Problem requirements: Skip every picture, and output exactly the lines starting at the one with "This is an extremely" and running through the last line of the material below.

===== Given data =====

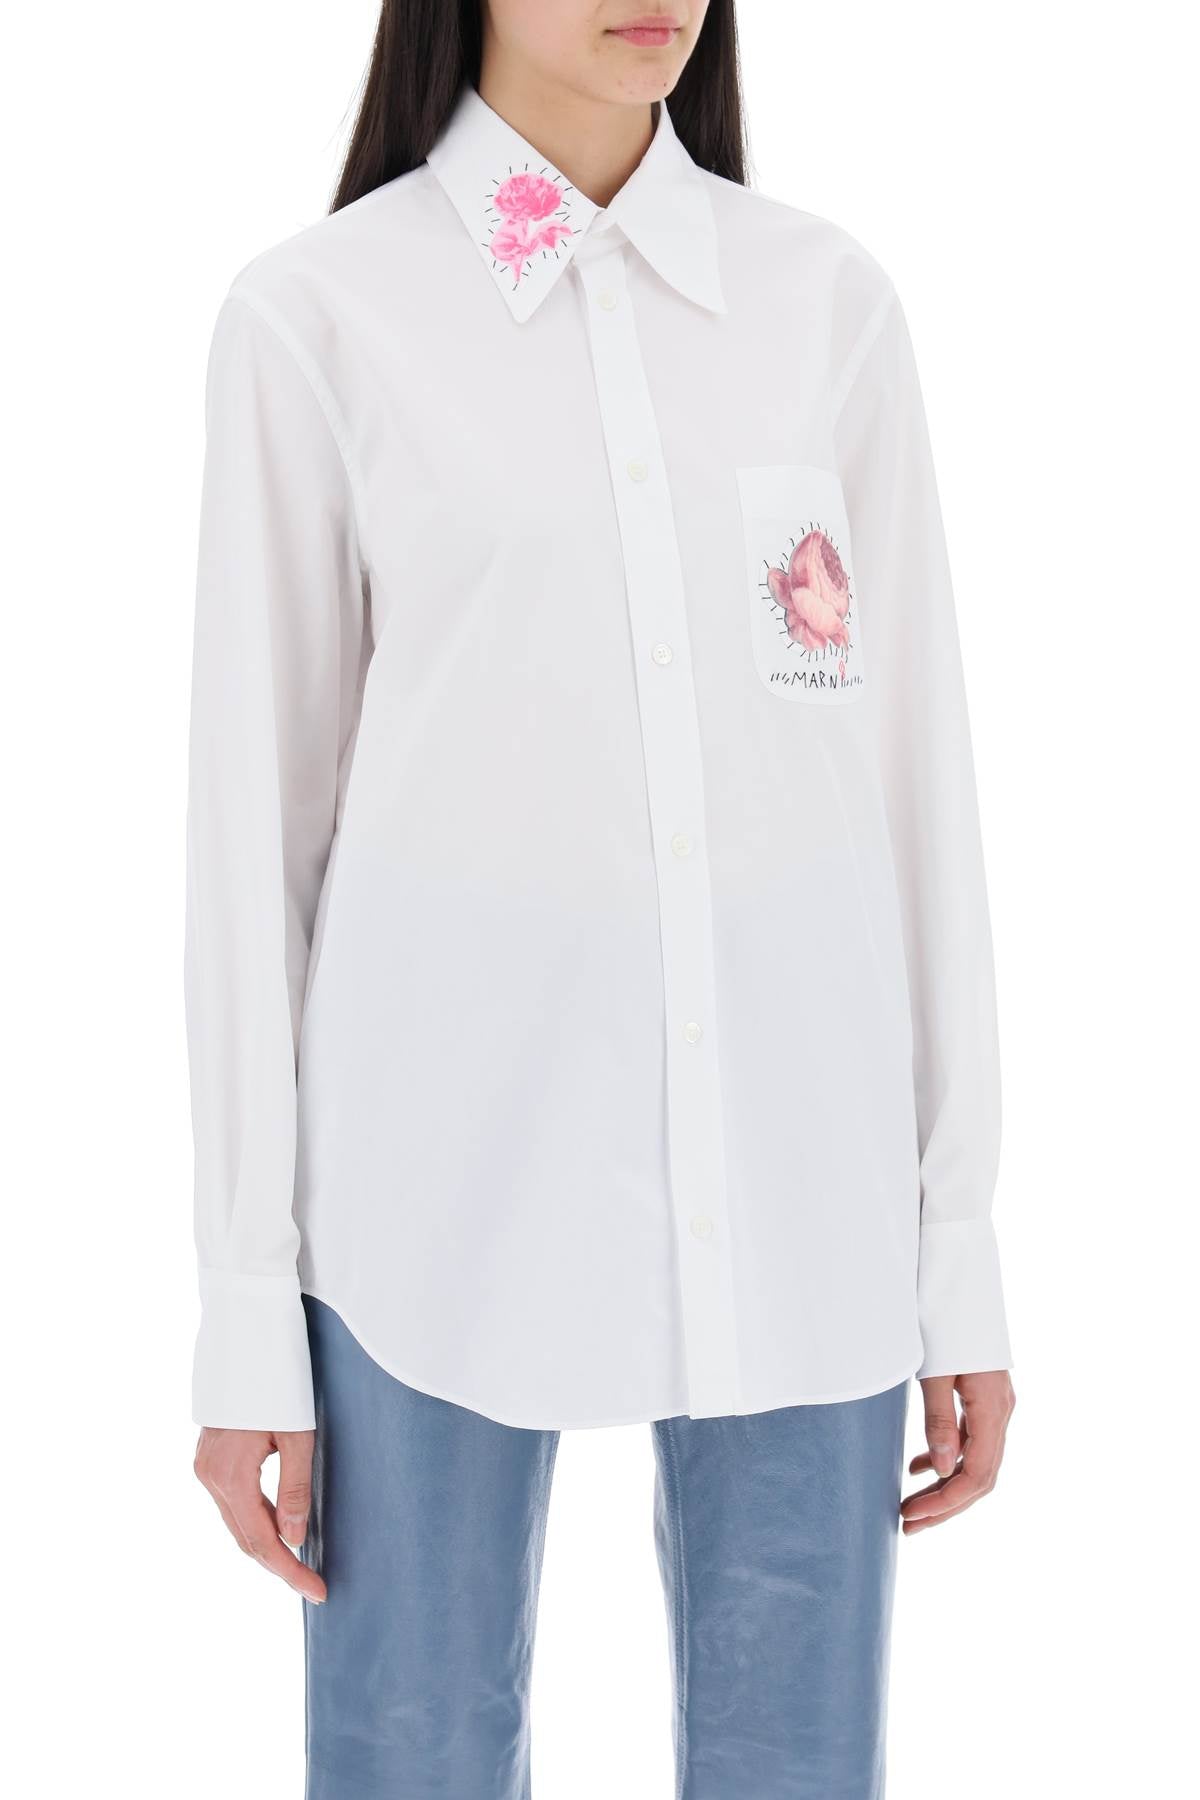 "shirt with flower print patch and embroidered logo-1
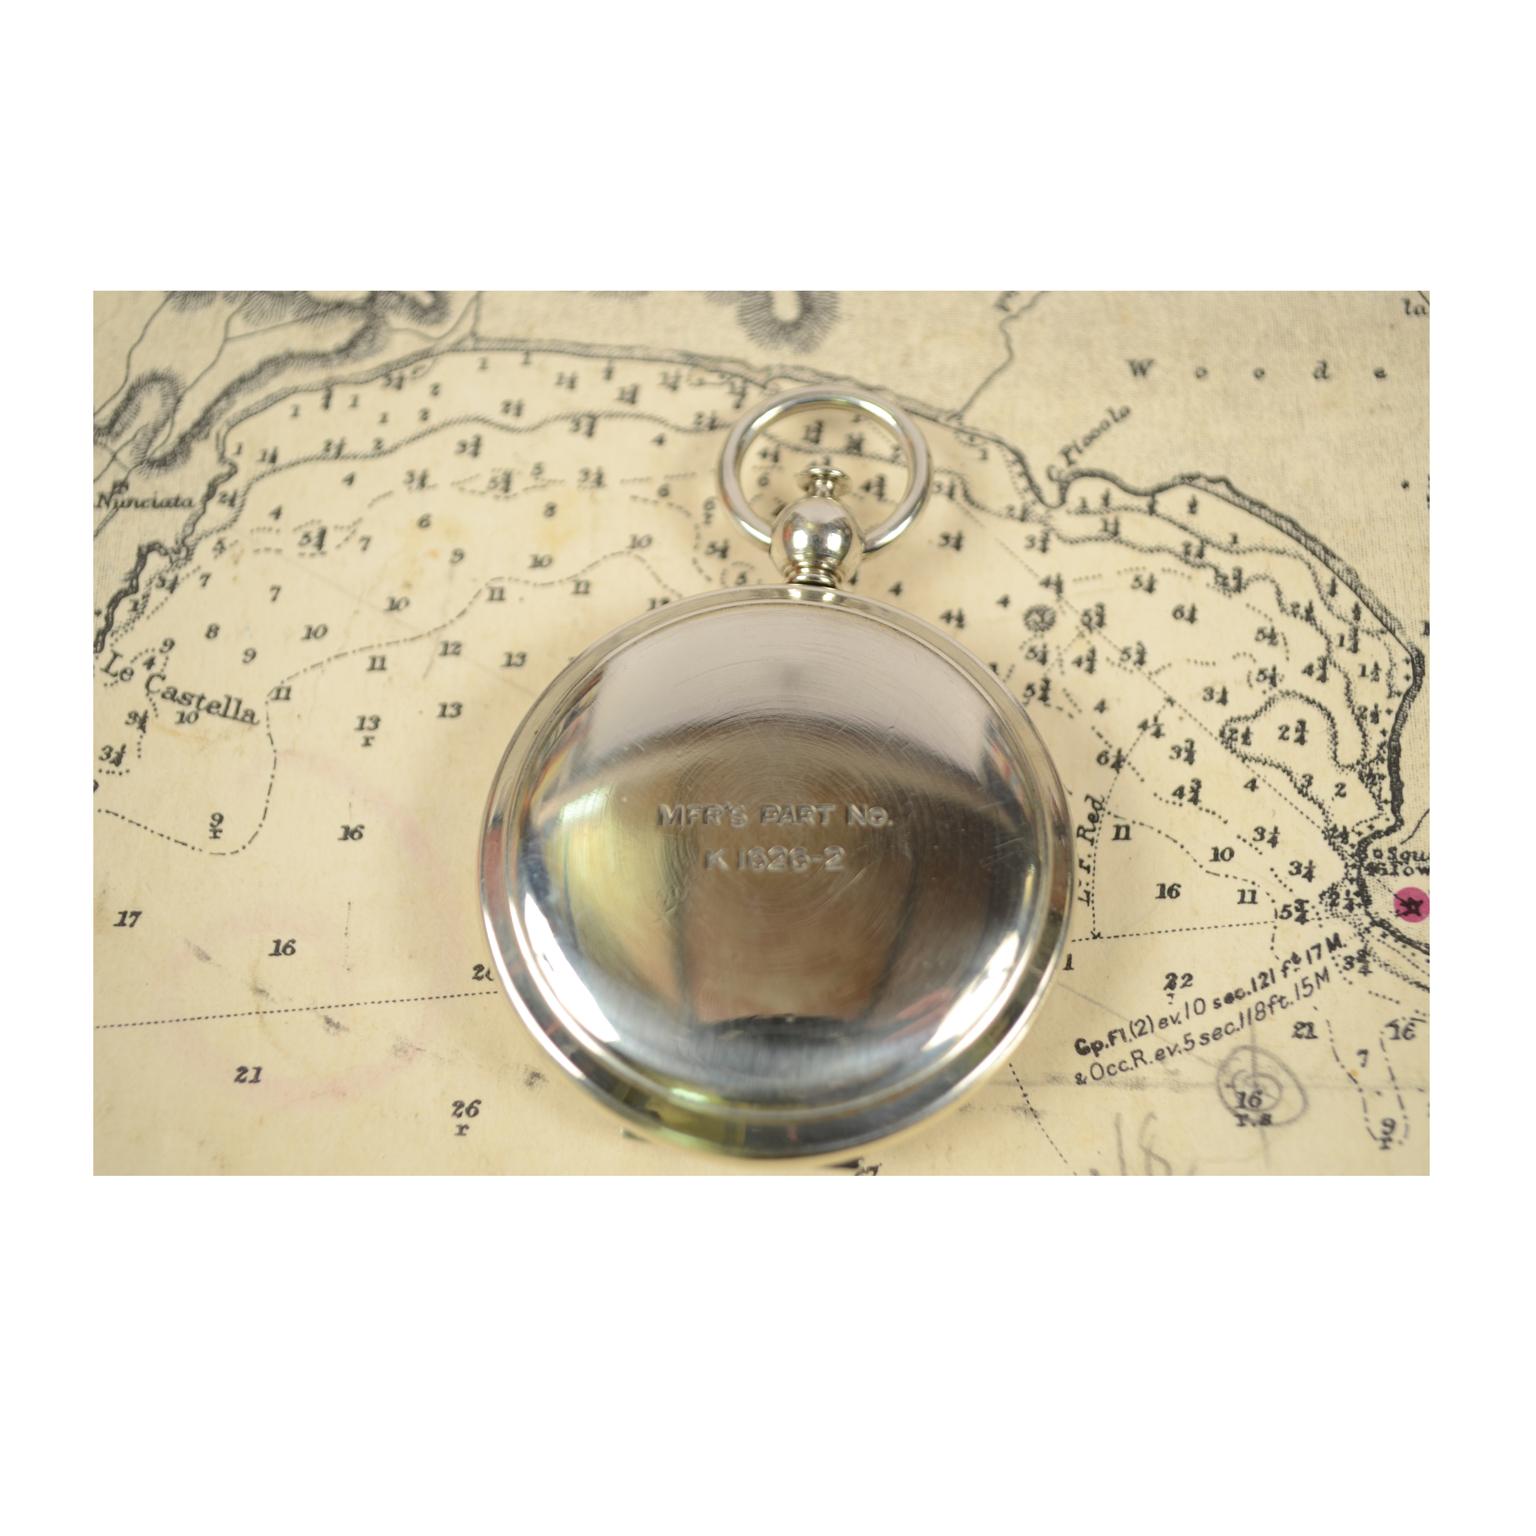 Compass Used by the American Aviation Officers in the 1920s Signed Wittnauer 5
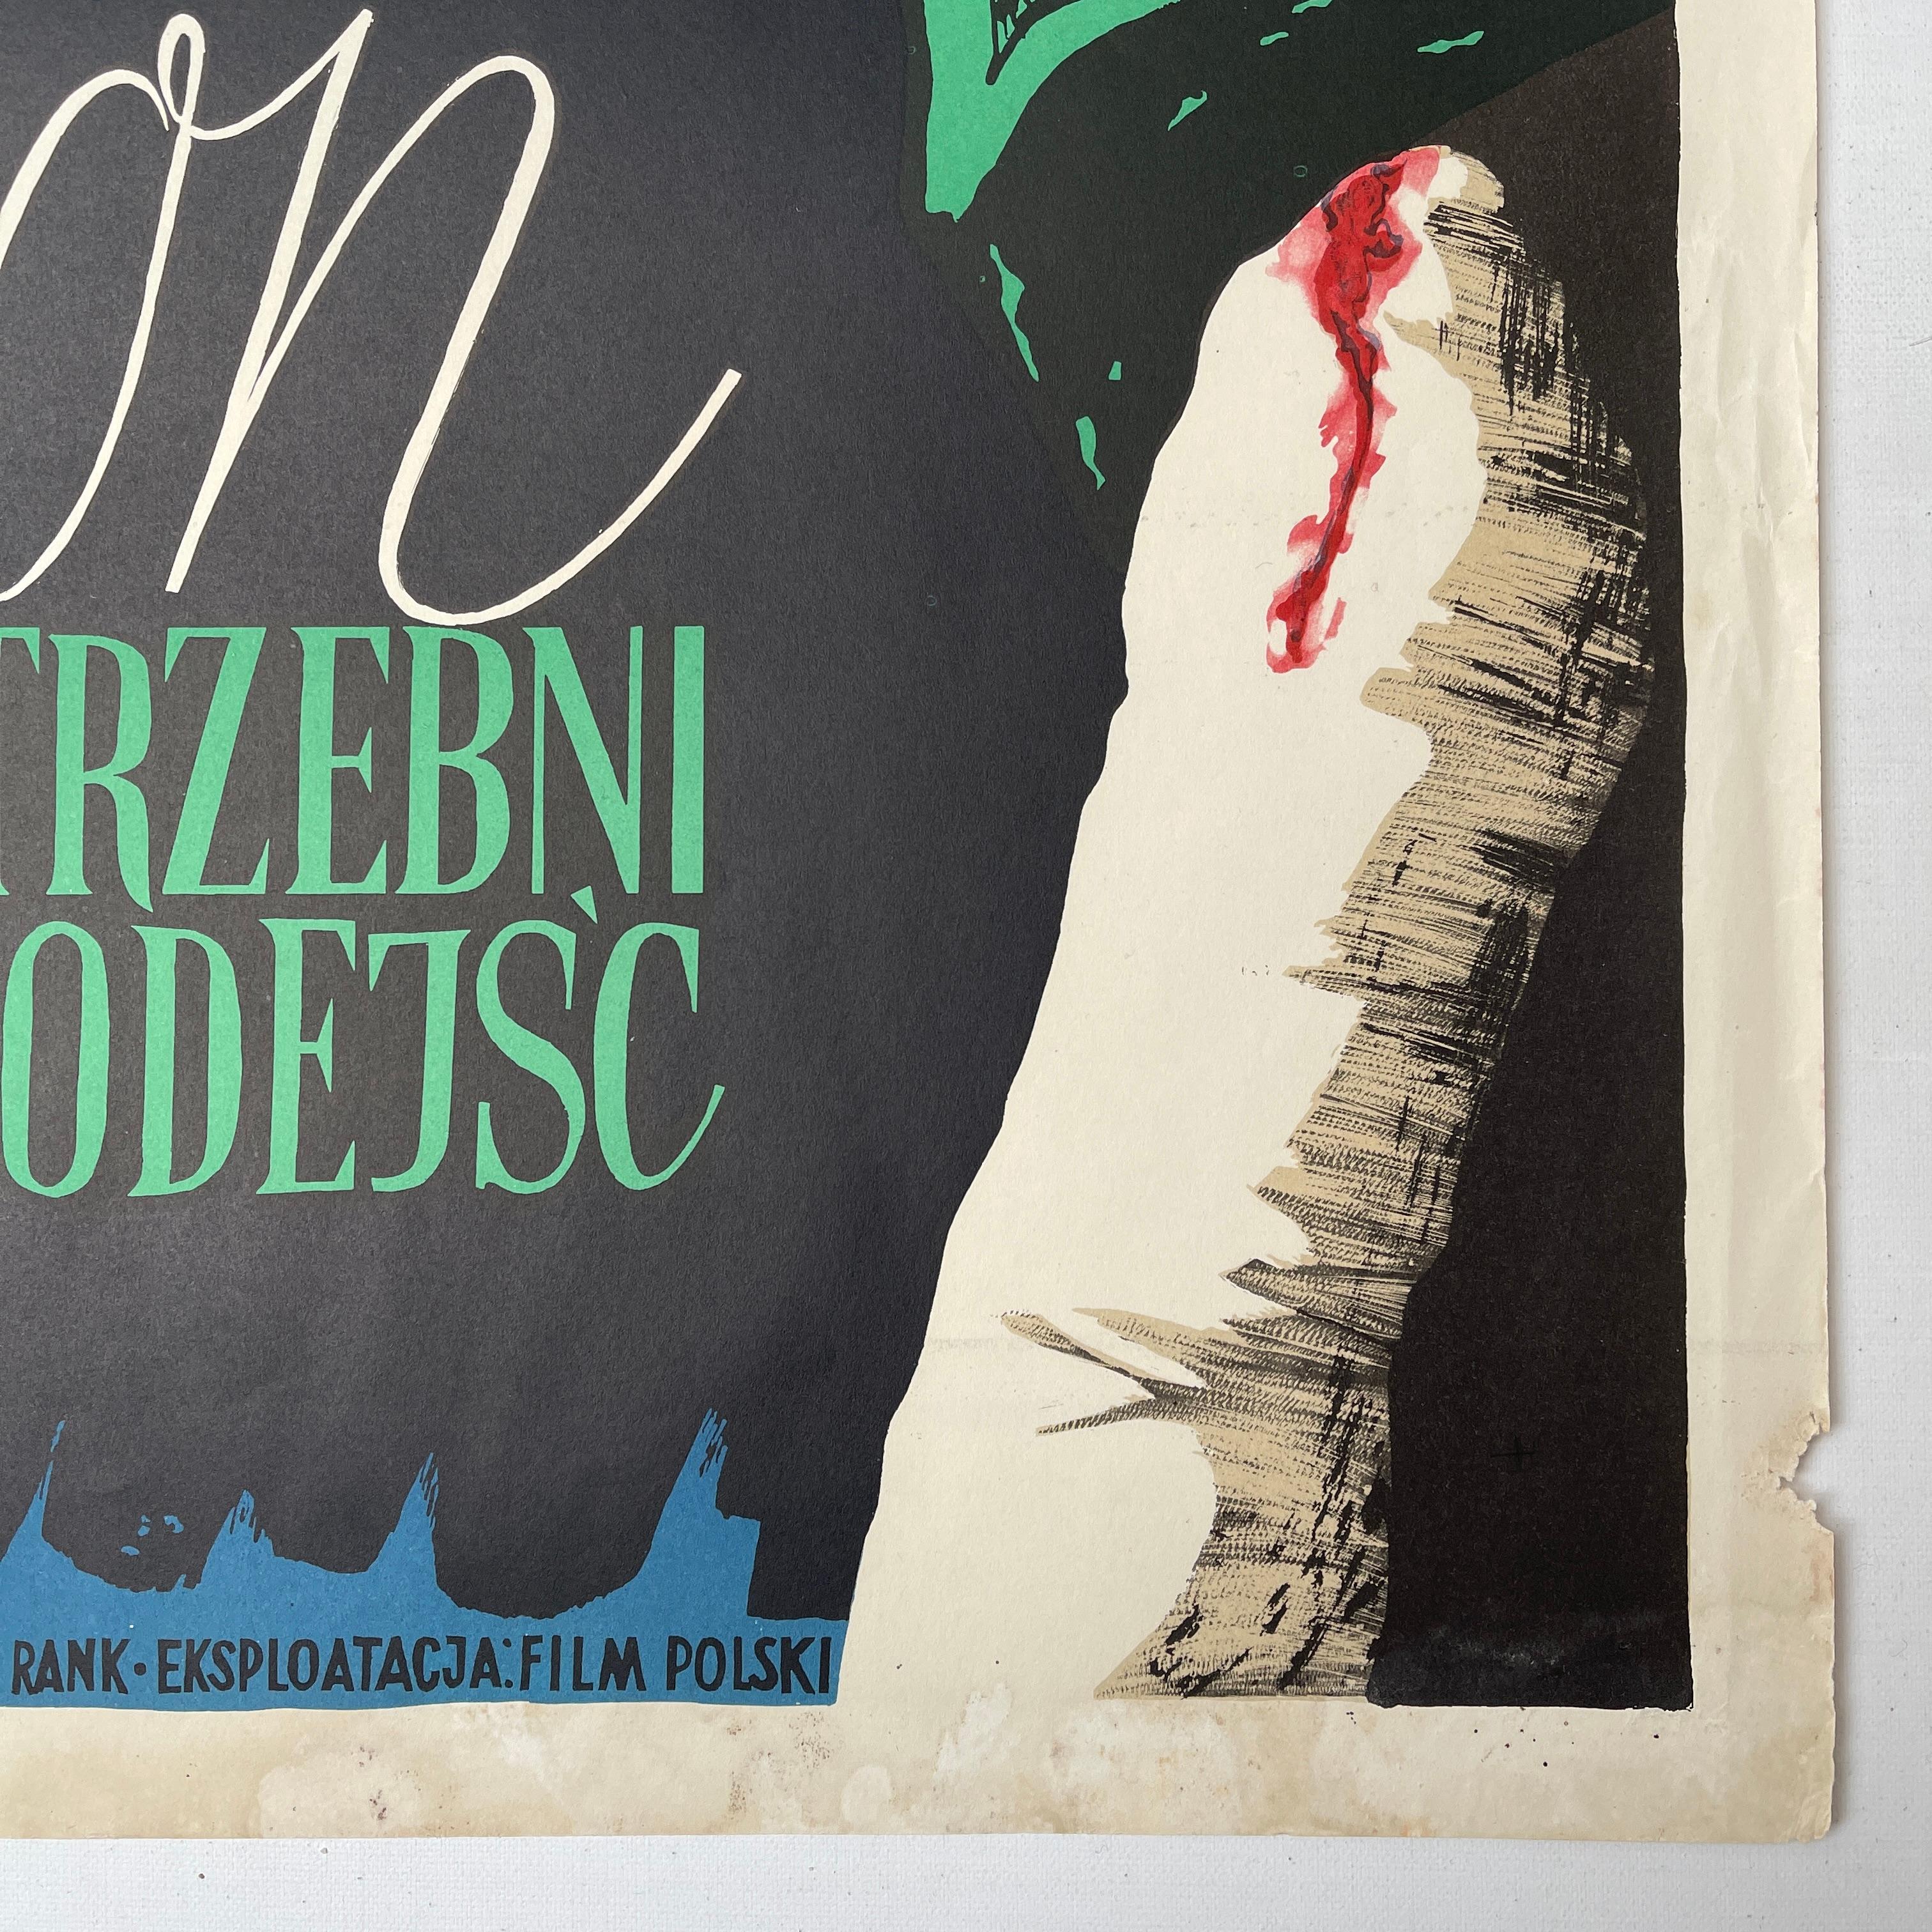 This is an extremely special and very rare Polish film poster. It is a 20th century design classic, created by the founding father of the Polish School of Posters - Professor Henryk Tomaszewski.

Tomaszewski first designed this poster in 1947 for

=====

Exercise output:
 This is an extremely special and very rare Polish film poster. It is a 20th century design classic, created by the founding father of the Polish School of Posters - Professor Henryk Tomaszewski.

Tomaszewski first designed this poster in 1947 for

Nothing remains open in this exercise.